» **Provided data**
★ ★ ★ ★

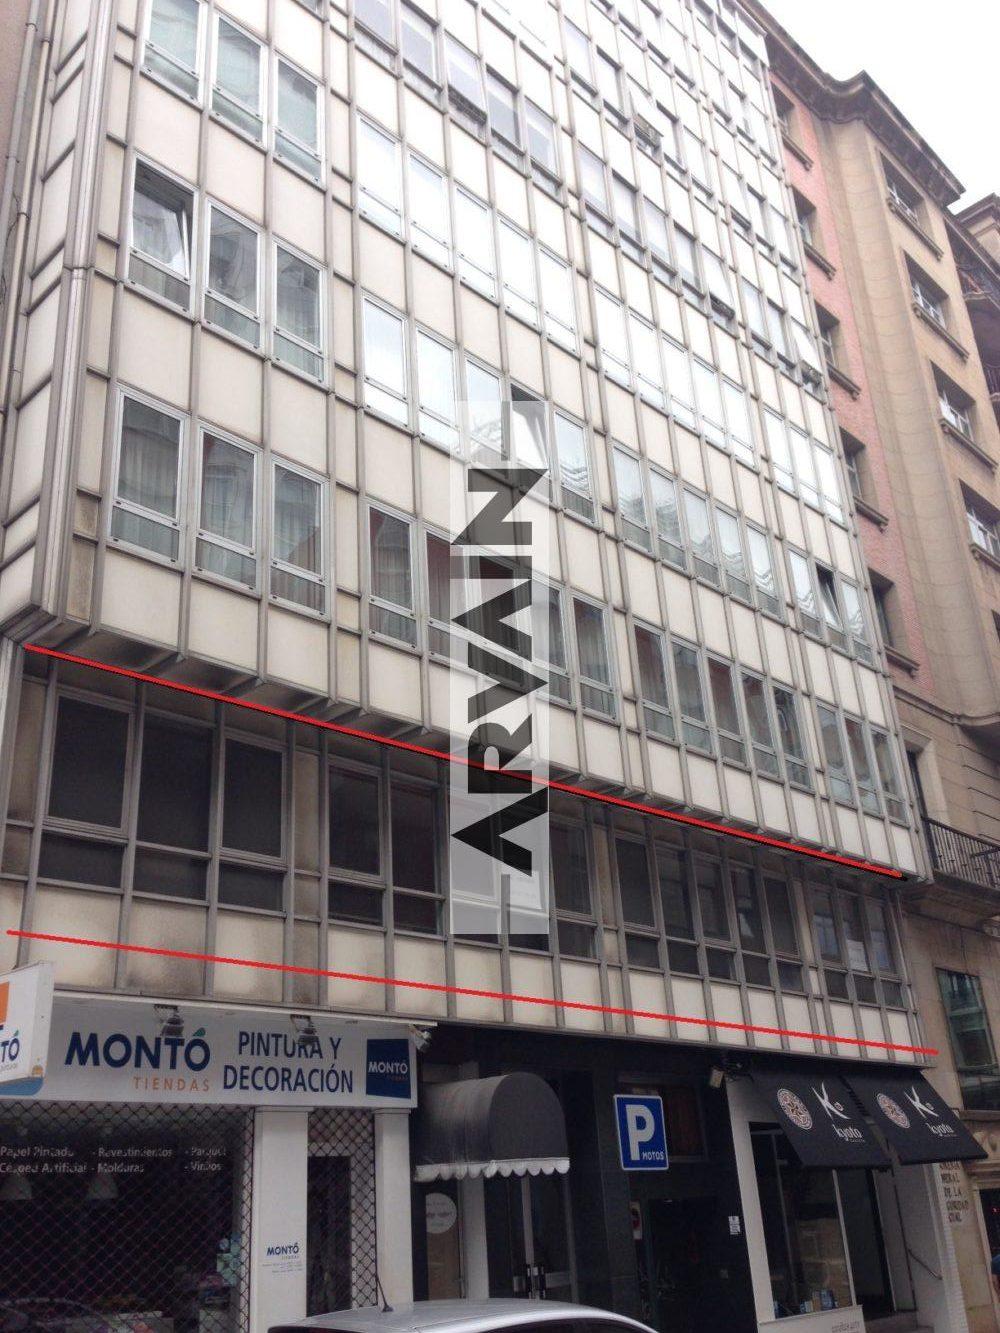 Local de oficinas plaza de vigo la coru a arvain servicios inmobilairios - Alquiler oficinas coruna ...
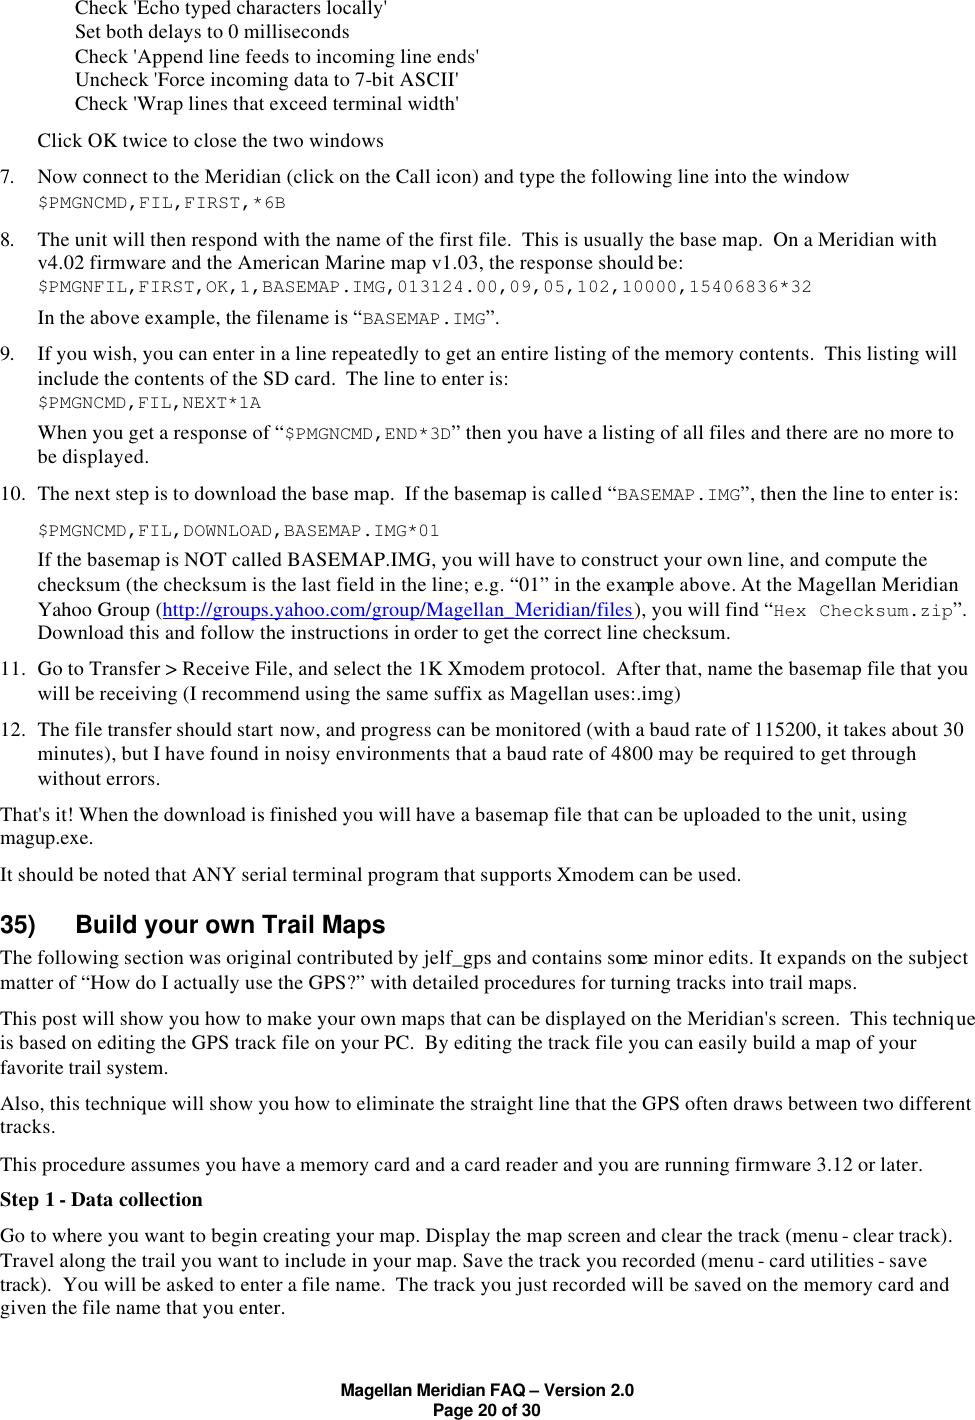 Magellan Meridian Faq Users Manual MeridianFAQv2_0
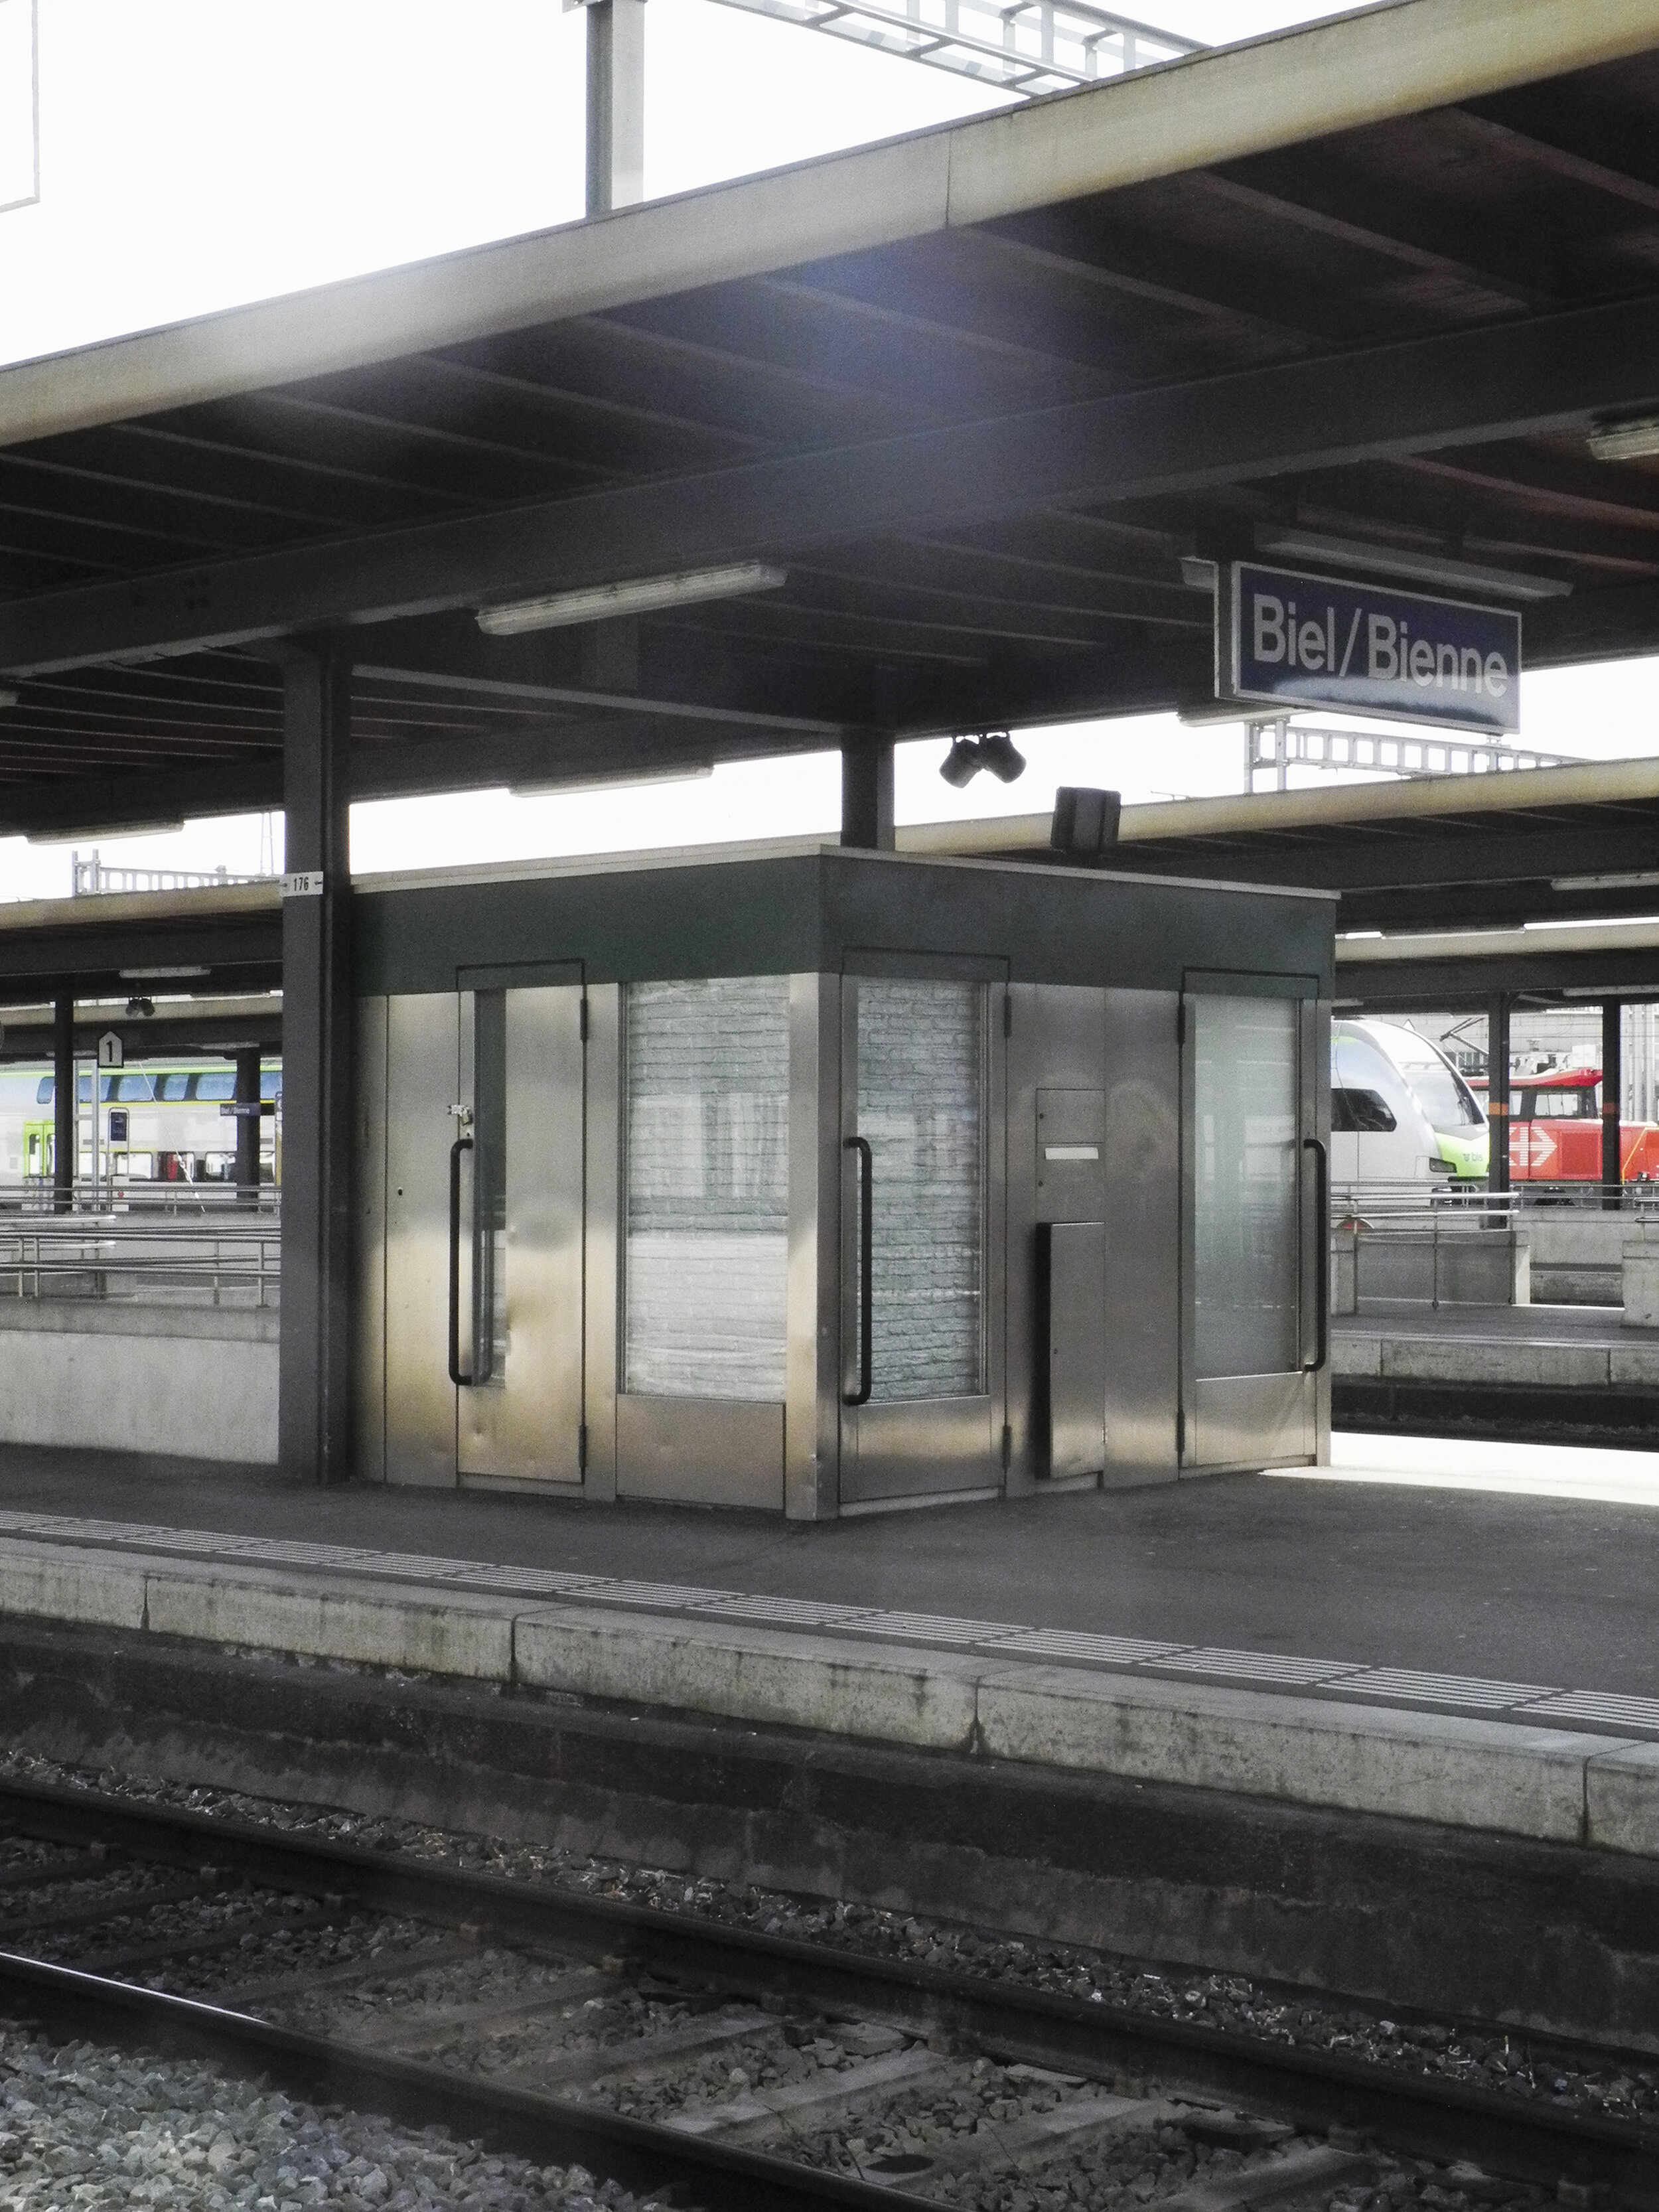 Halley Biel Train Station 10.jpg

★ ★ ★ ★

» **Problem description**
Transcribe the data exactly, minus any images.

» **Answer to the problem**
 Local de oficinas plaza de vigo la coru a arvain servicios inmobilairios - Alquiler oficinas coruna ...
 Magellan Meridian Faq Users Manual MeridianFAQv2_0
 Halley Biel Train Station 10.jpg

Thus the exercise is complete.